Published online Nov 18, 2017. doi: 10.4254/wjh.v9.i32.1210
Peer-review started: August 22, 2017
First decision: September 19, 2017
Revised: September 21, 2017
Accepted: October 30, 2017
Article in press: October 30, 2017
Published online: November 18, 2017
Processing time: 86 Days and 17.1 Hours
Bacterial translocation (BT) has been impeccably implicated as a driving factor in the pathogenesis of a spectrum of chronic liver diseases (CLD). Scientific evidence accumulated over the last four decades has implied that the disease pathologies in CLD and BT are connected as a loop in the gut-liver axis and exacerbate each other. Pregnane X receptor (PXR) is a ligand-activated transcription factor and nuclear receptor that is expressed ubiquitously along the gut-liver-axis. PXR has been intricately associated with the regulation of various mechanisms attributed in causing BT. The importance of PXR as the mechanistic linker molecule in the gut-liver axis and its role in regulating bacterial interactions with the host in CLD has not been explored. PubMed was used to perform an extensive literature search using the keywords PXR and bacterial translocation, PXR and chronic liver disease including cirrhosis. In an adequate expression state, PXR acts as a sensor for bile acid dysregulation and bacterial derived metabolites, and in response shapes the immune profile beneficial to the host. Activation of PXR could be therapeutic in CLD as it counter-regulates endotoxin mediated inflammation and maintains the integrity of intestinal epithelium. This review mainly focuses PXR function and its regulation in BT in the context of chronic liver diseases.

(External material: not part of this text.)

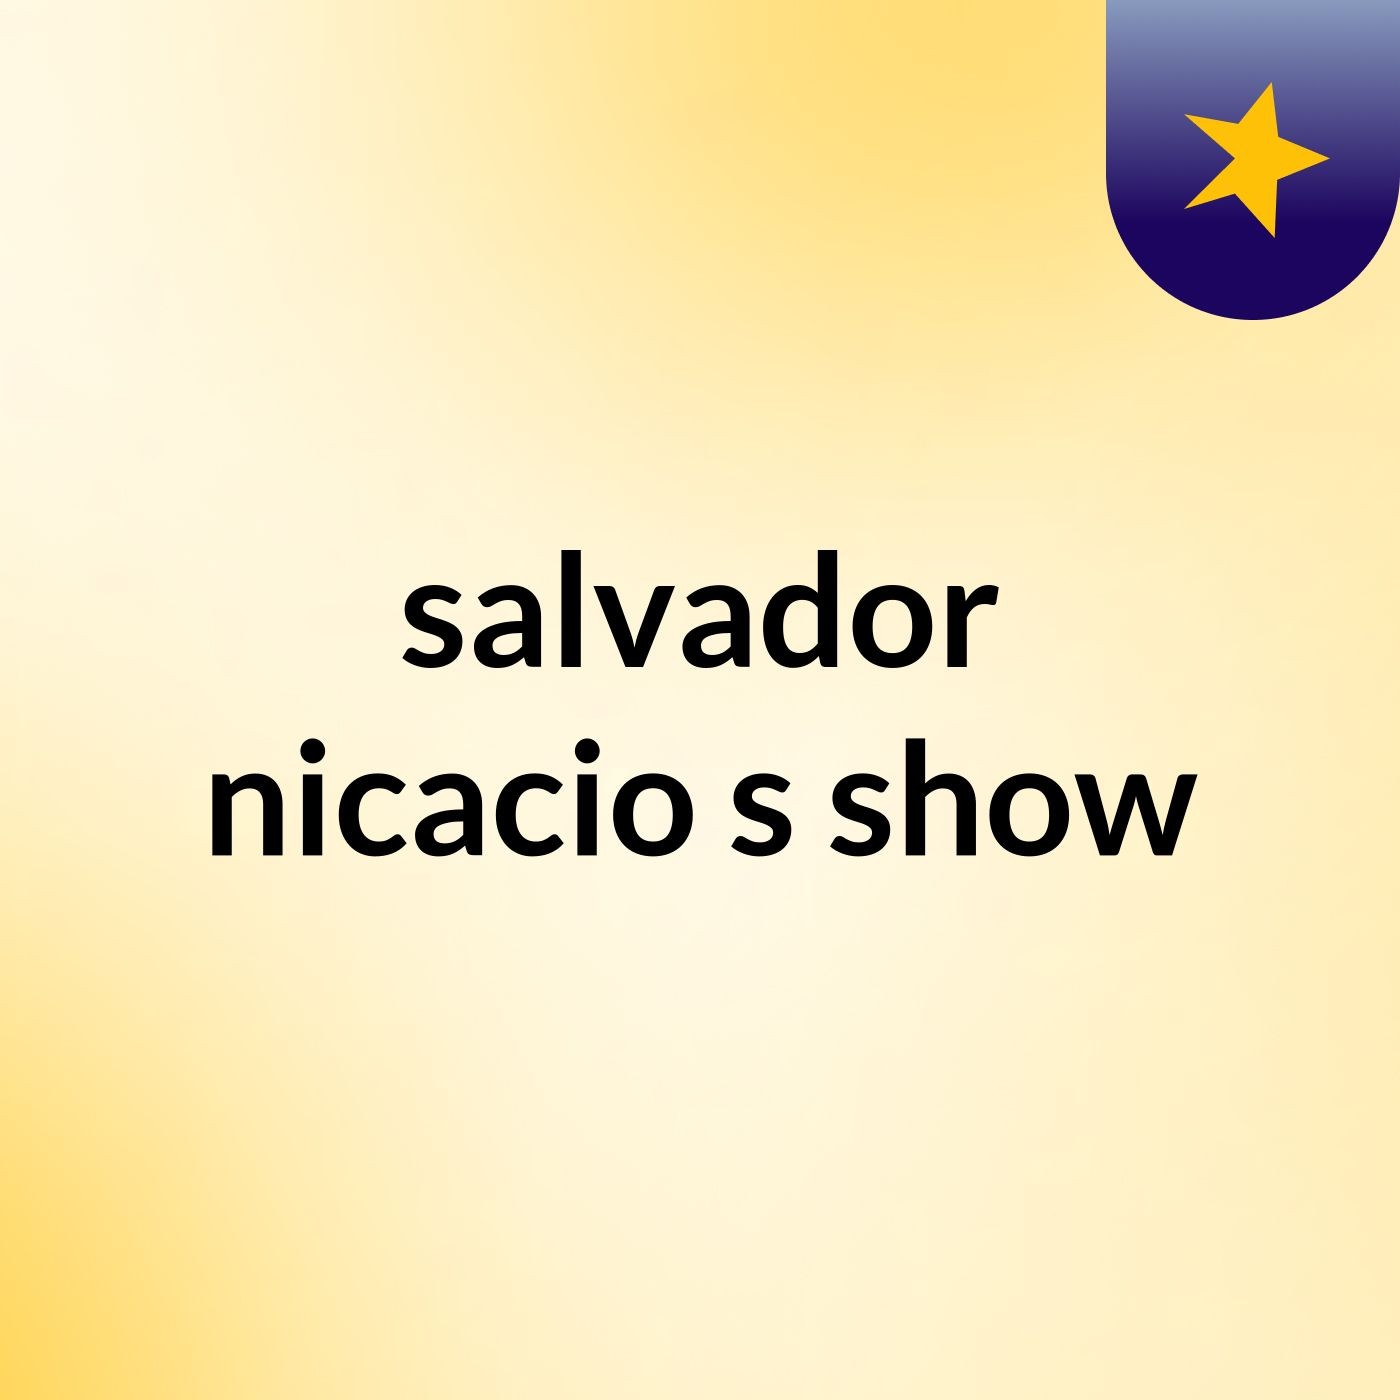 salvador nicacio's show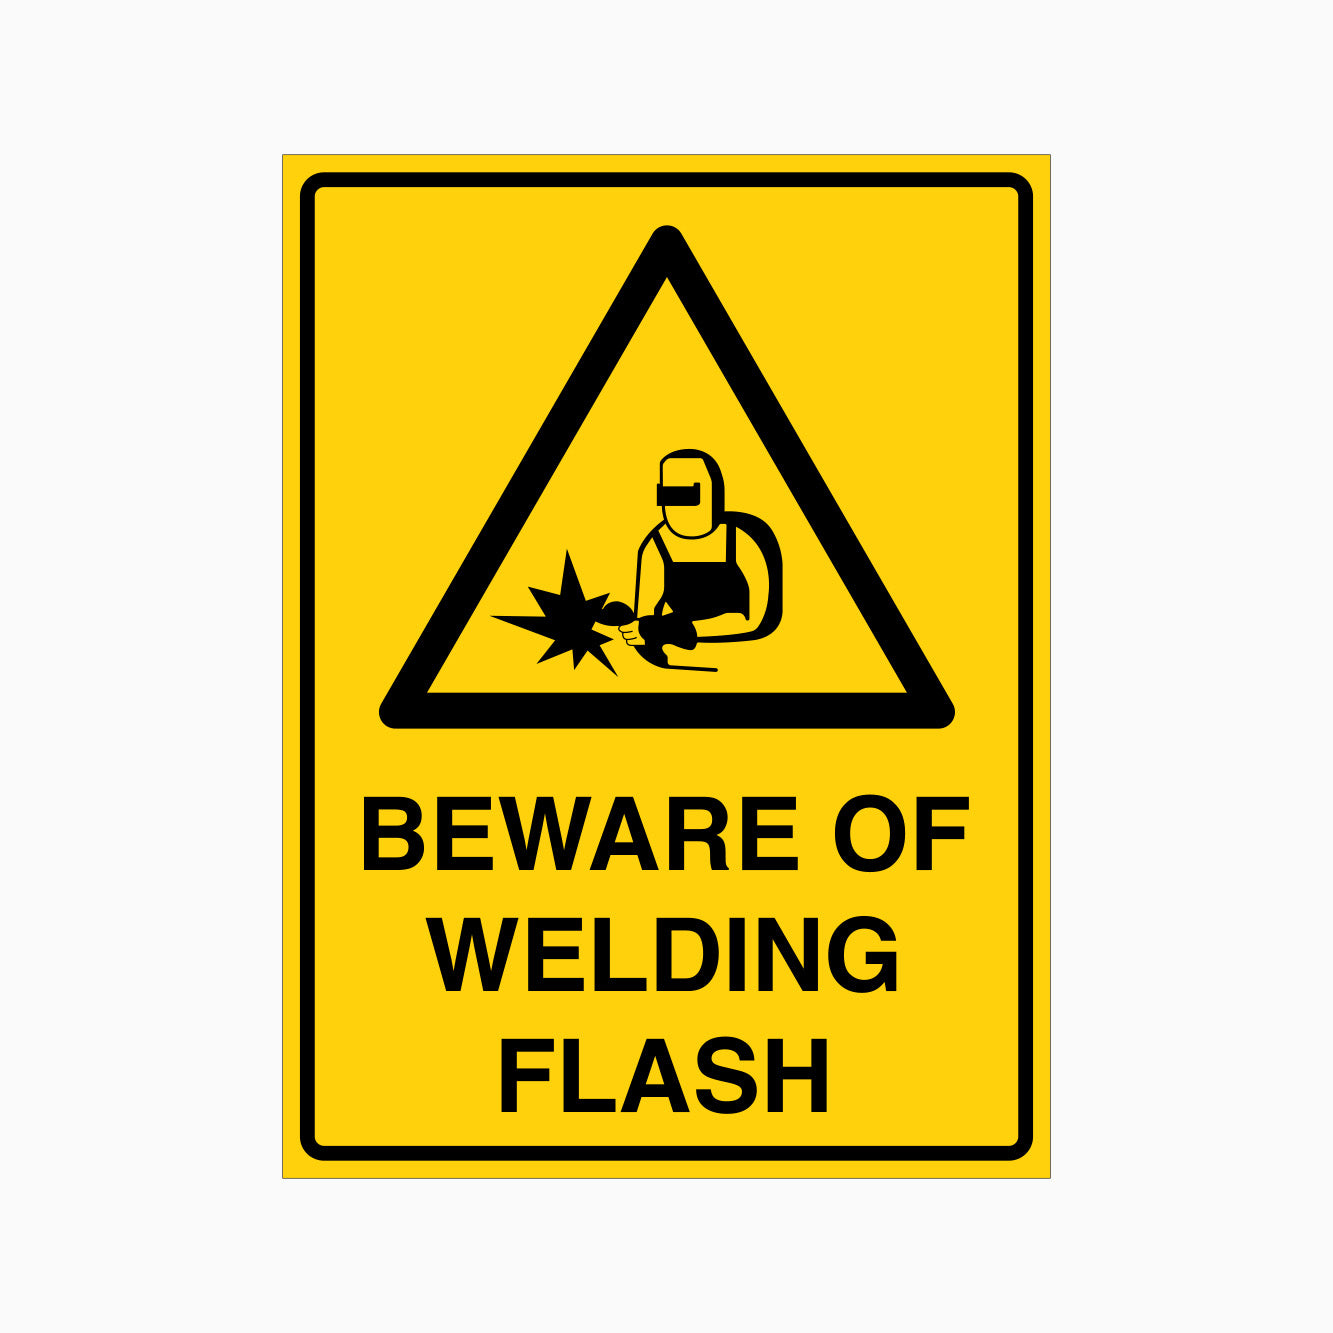 BEWARE OF WELDING FLASH SIGN

Core tip: Translocation of bacteria at pathological levels is a major driving factor in the progression of chronic liver diseases (CLD). However, it remains to be known whether it is the CLD condition that triggers leaky gut, or if translocation of bacteria plays an etiological role in the pathogenesis of CLD. Dysregulation of homeostasis in the gut-liver axis is considered as a crucial element that underlies the pathogenesis of BT. The nuclear receptor, pregnane X receptor (PXR) is widely expressed in gut and liver axis and is implicated in maintenance of equilibrium in the gut-liver axis. This review will summarize the various studies that have highlighted the importance of PXR as the mechanistic linker molecule in the gut-liver axis and its role in regulating bacterial translocation in the pathogenesis of cirrhosis.